Oculus GO vs Santa Cruz : That Wireless VR Feeling

Oculus revealed a pair of new headsets earlier today which make their next generation wireless. Or nearly wireless, that is to say – they still need to be charged up with wires. Both the Oculus GO and the "Oculus Santa Cruz" are made to expand the VR universe to a new place – one that does not connect to the PC with a big fat cord, and one that does not require a separate smartphone to function.

Oculus GO

Oculus GO is basically a Samsung Gear VR without need for a separate smartphone purchase. The processor and the display are built in to this headset – as are speakers and web connectivity. It's like there's a phone inside this headset – one that never comes out.

Features of the Oculus GO that have been made public so far include the following:

• Display: 2560×1440 pixel LCD display – same as Gear VR

• Binary Compatible with Gear VR – apps are cross-platform

• Controller has 3DOF (3 degrees of freedom, like the Gear VR controller and the Google Daydream controller)

• Headset has 3DOF, too

• Audio drivers (and speakers) built in to straps (near temples)

• Lenses "better than Rift" with less Fresnel glare

• Developer kits ship November 2017

• Consumer devices ship early 2018

• Pricing already set: $199 USD

This headset is an "all-in-one" device – and it runs applications built with the Oculus Mobile SDK or Unity or Unreal Engine. Developer documents have changed very little from those out immediately before the big announcement. Since everything is cross-platform, there's no reason to suspect this device runs anything other than a modified version of Android.

Oculus Santa Cruz

Much like DK1, DK2, Crescent Bay, etcetera, Santa Cruz is a nickname for the most recent test version of Oculus Rift. This headset is not all-in-one – it still requires that you be near a super-powerful PC. What it does not require this time around is a set of external sensors.

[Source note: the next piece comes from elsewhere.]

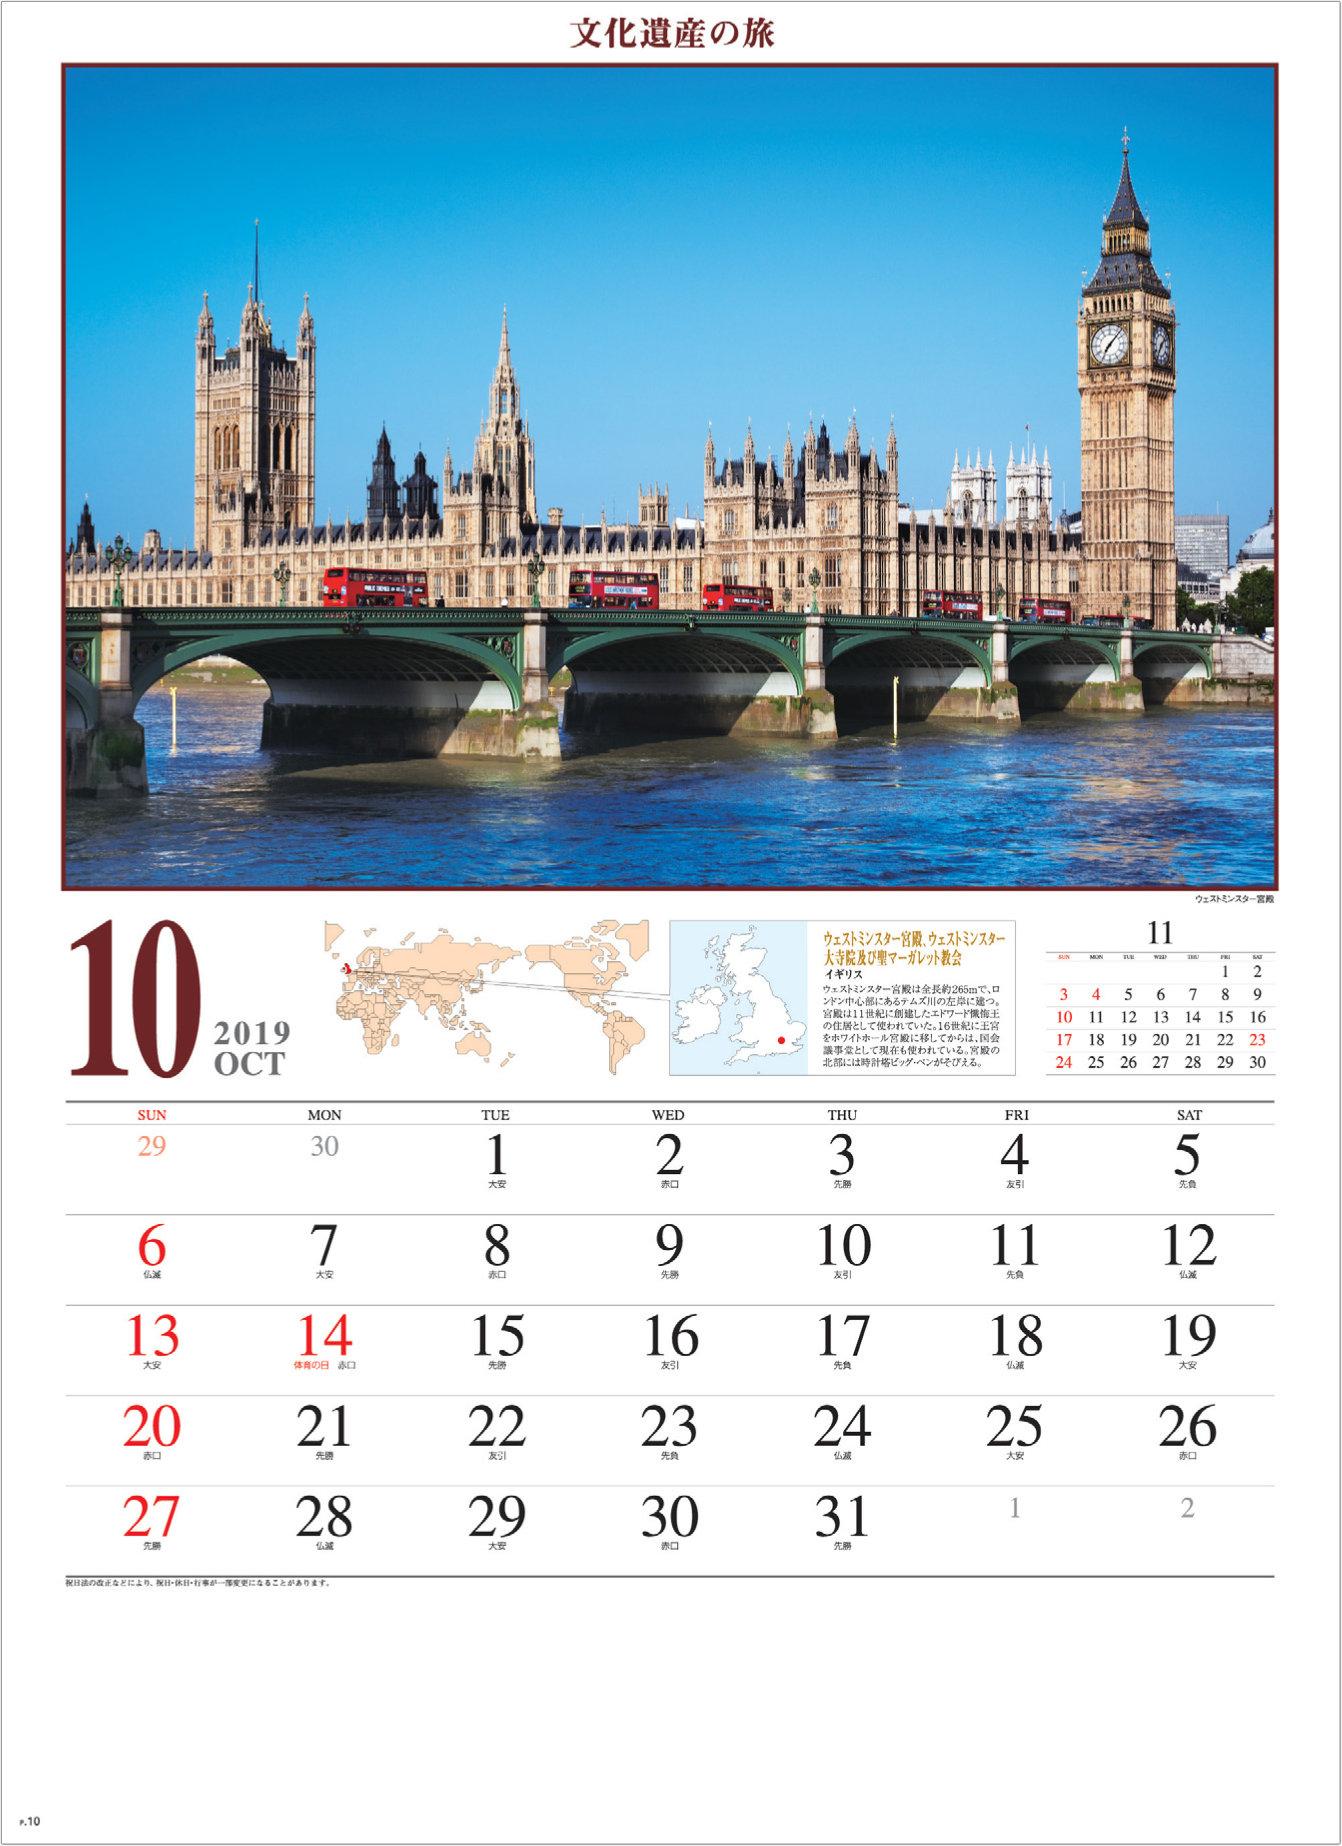 画像:イギリス ウェストミンスター宮殿 文化遺産の旅(ユネスコ世界遺産) 2019年カレンダー

This device has inside-out tracking, which means its built-in sensors/cameras allow it to place itself in 3D space. This device will work with the same software we've seen in the PC-tethered Oculus Rift – or whatever version is most updated at the time of its release, of course.

Features of the Oculus Santa Cruz that have been made public so far include the following:

• 6DoF headset

• 6DoF controllers

• Controllers use touchpads, not joysticks

• Controller IR LEDs tracked by headset's cameras

• 4 cameras, 2 of which are up near the top edge of the headset

Oculus suggested this week that the 4 camera setup increases sensor range well beyond that of the standard Windows Mixed Reality headset, which currently use 2 cameras. The video you'll see below was released last year (a year before this article is set to be published) but it remains largely relevant today.

The updated video shows how big changes have been since the headset's first public viewing. This is a major update – as the video suggests, it's night and day compared with last year's device.

The Santa Cruz version of Oculus Rift does not yet have a release date. The developer version of the Santa Cruz headset was announced this week to be coming some time within the year 2018.